KAHULUI MAUI AIRPORT, HI 
96732
808-868-0071
ANDERSON, KELLY
 
ANDERSKD@HOTMAIL.COM
CONFIRM. NO.:
BOOKED DATE:
WFX060527E
12/11/2022
RENTAL
VEHICLE
Pick-up date
CFAR / COMPACT SUV
Unit type/description
04/06/2023 12:00 PM
Return date
Total Days
04/12/2023 11:00 AM
6
Agency code
Total 
0
Unit
Description
Total
390.00
6 Day(s) @65.00
0.00
0 Charged (s) @0.00
16.26
STATE TAX (4.17%)
33.00
HIGHWAY TAX (5.50)
21.48
LICENSE FEE (3.58)
21.30
A/S SURCHARGE (3.55)
Total Charges
482.04
0.00
Total Payments
Balance
482.04
ALLSAVE CAR RENTAL - FOX - NU Reservation Summary

Thank you for choosing Allsave Car Rental/Fox Rent a Car Airport/Kahului Location.
Shuttle Info:       Please DO NOT! take the train across from baggage claim for Shuttle
Our Airport shuttle pickup is around the corner from baggage claim and runs daily 
every 15-20 minutes during business hours.
When you exit outside baggage claim walk to your right just past the 

In [4]:
len(extracted_text)

1854

In [5]:
extracted_text_hi = extracted_text

In [8]:

# 3. Load the key from a file
with open('key.txt', 'r') as f:
    api_key = f.read().strip('\n')
    assert api_key.startswith('sk-'), 'Error loading the API key. The API key starts with "sk-"' 
openai.api_key = api_key

In [10]:
#prompt = 'Can you find the lease start and end dates for the following lease:' + extracted_text
prompt = '''Can you find the 
car rental company, 
car rentee, 
address of pickup, 
rental start,
rental end date, 
rent amount,
total balance due, 
type of car, 
reservation number,
and deposit for the following car rental agreement:''' +  extracted_text_hi

messages = [
    {'role': 'system', 'content': 'Answer as concisely as possible with the exact field names'},
    {'role': 'user', 'content': prompt}
]

response = openai.ChatCompletion.create(
    model = 'gpt-3.5-turbo',
    messages = messages,
    temperature = 0.1,
    max_tokens = 1000,
    #stop=[',','-']
    top_p=.1
)
r = response.choices[0]['message']['content']
print(r)
#top_p set to .1

Car rental company: Allsave Car Rental/Fox Rent a Car Airport/Kahului Location
Car rentee: Anderson, Kelly
Address of pickup: 81 Alae St., Kahului Maui Airport, HI 96732
Rental start date: 04/06/2023 12:00 PM
Rental end date: 04/12/2023 11:00 AM
Rent amount: $390.00
Total balance due: $482.04
Type of car: CFAR/Compact SUV
Reservation number: WFX060527E
Deposit: $150.00 (for credit card users) or $300.00 to $500.00 (for debit card or cash users)

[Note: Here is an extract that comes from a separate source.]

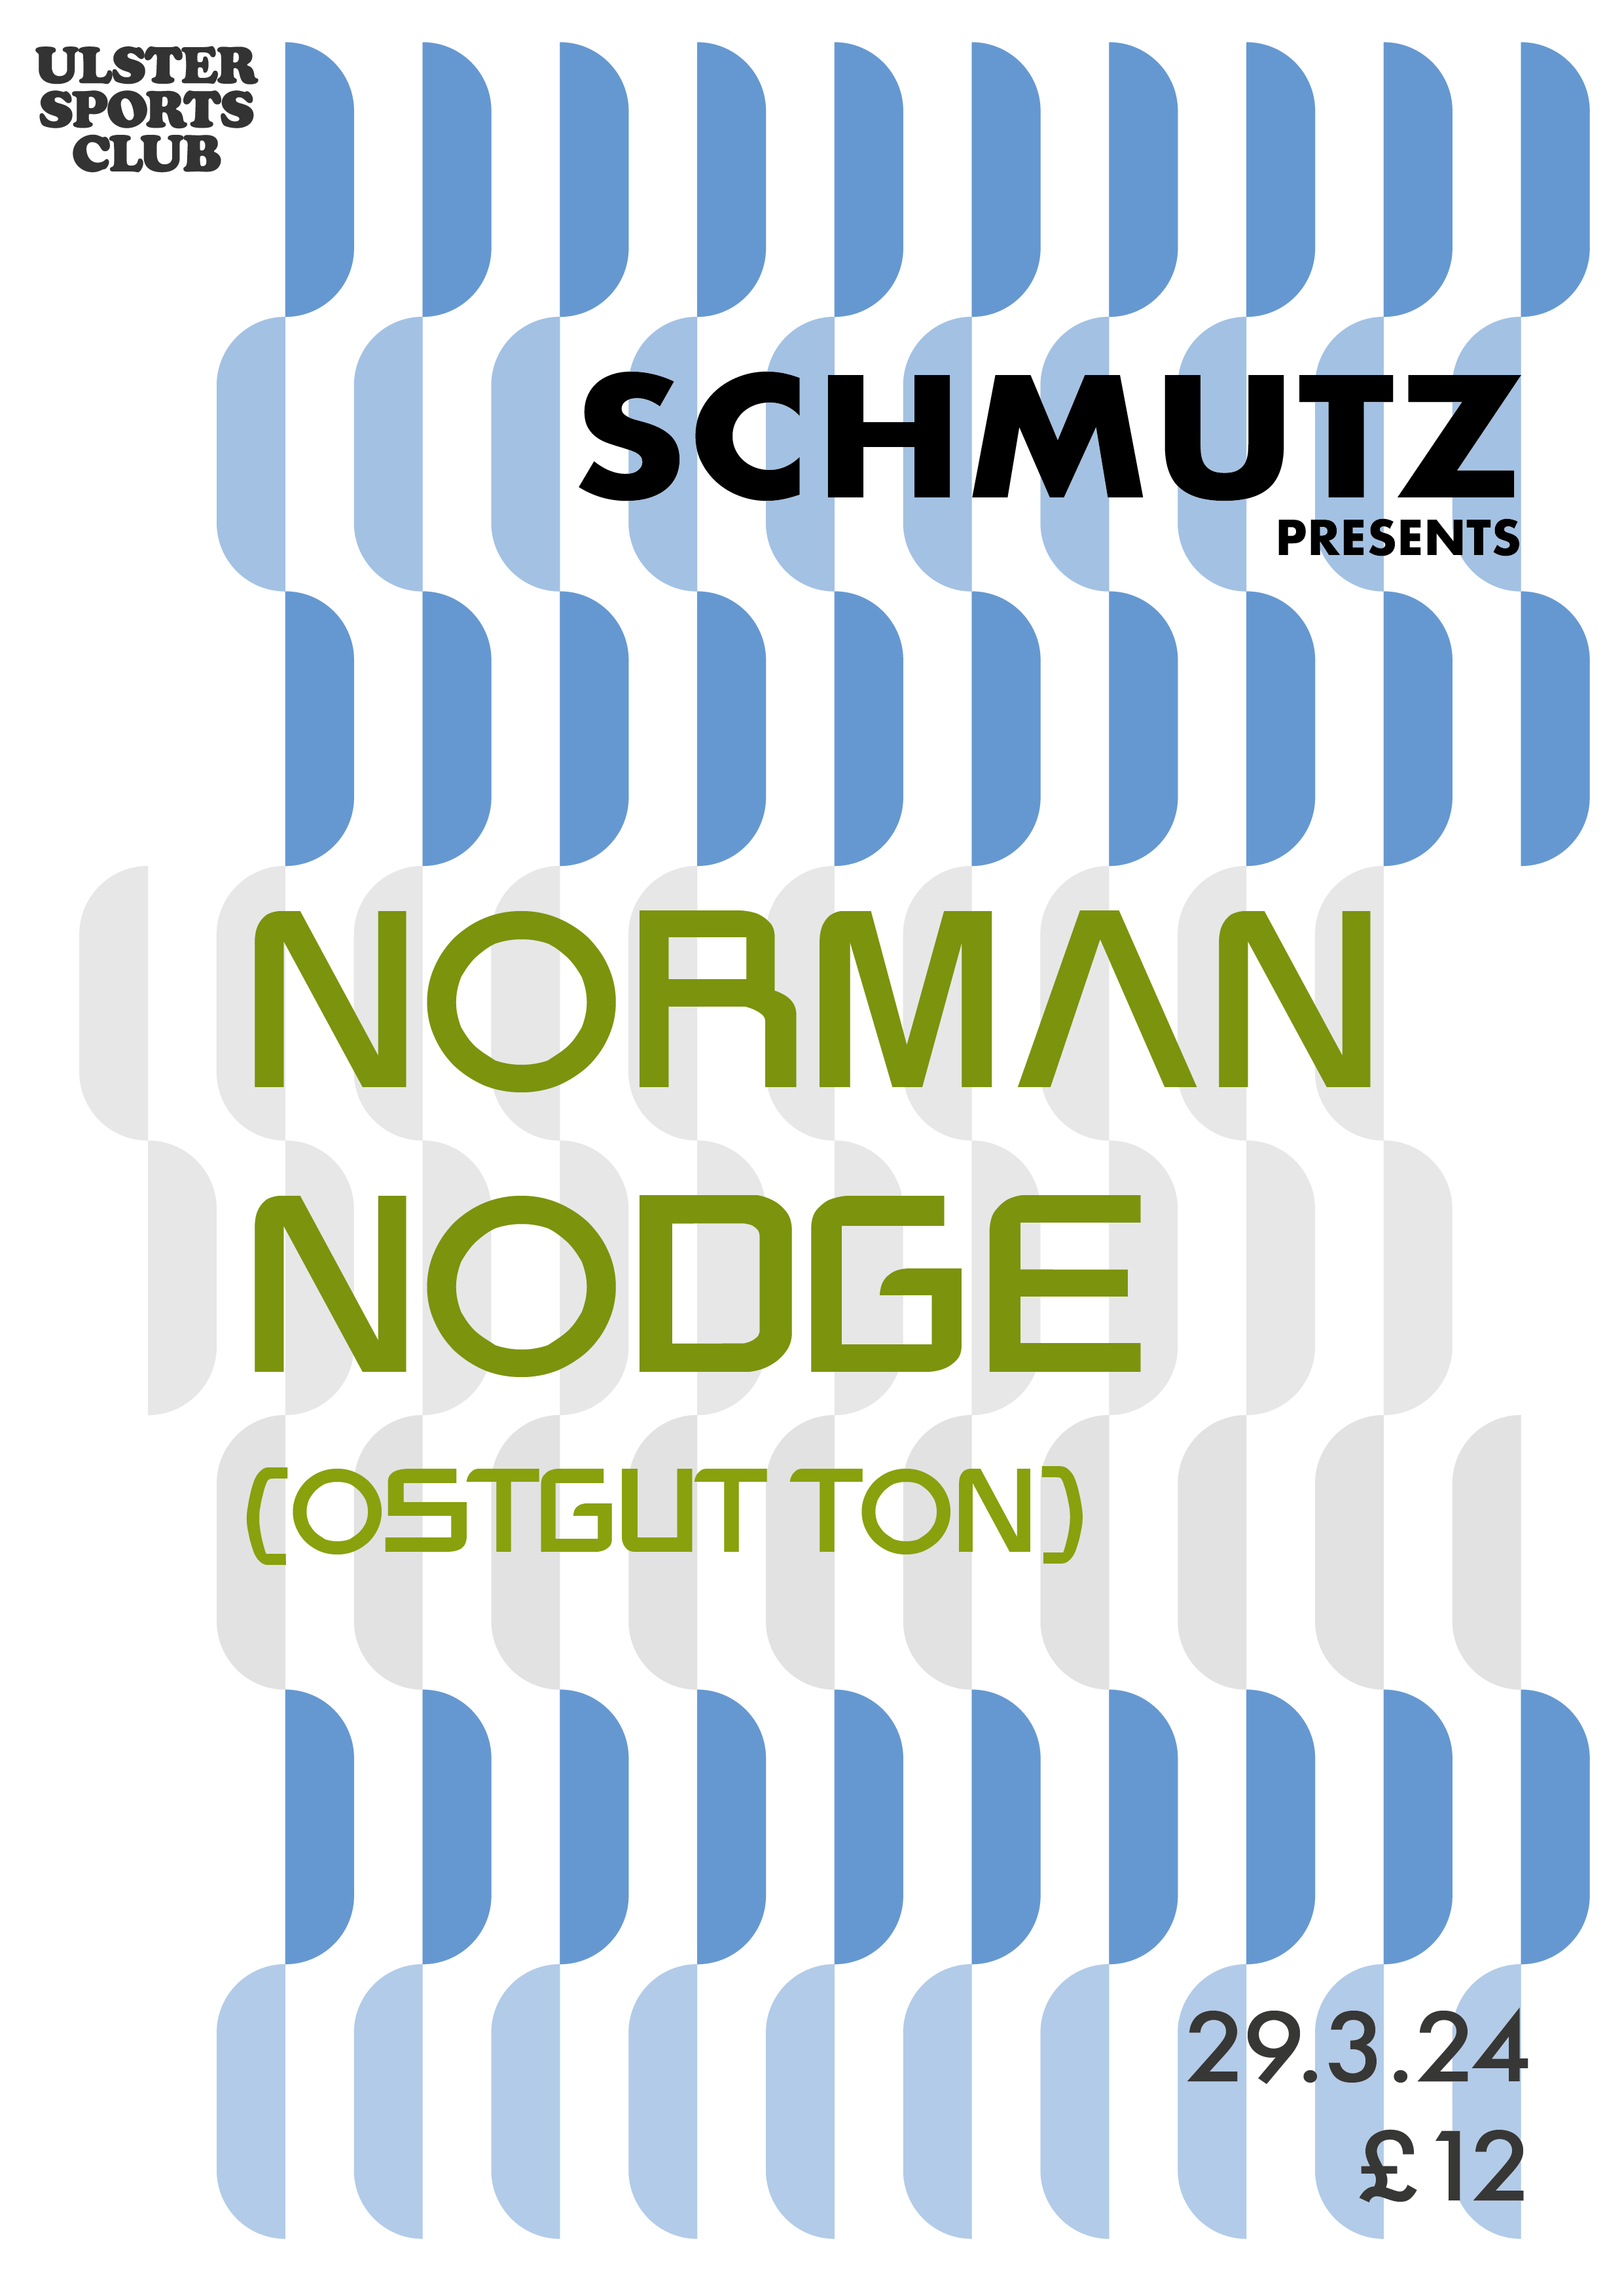 Schmutz Presents Norman Nodge (OstgutTon) - フライヤー表

##  The results from OpenAI are pretty well formatted for us to convert to a pandas dataframe

In [11]:
text = r

data = {
    'Car rental company': [],
    'Car rentee': [],
    'Address of pickup': [],
    'Rental start date': [],
    'Rental end date': [],
    'Rent amount': [],
    'Total balance due': [],
    'Type of car': [],
    'Reservation number': [],
    'Deposit': []
}

lines = text.strip().split('\n')
for line in lines:
    header, value = line.split(': ')
    data[header.strip()].append(value.strip())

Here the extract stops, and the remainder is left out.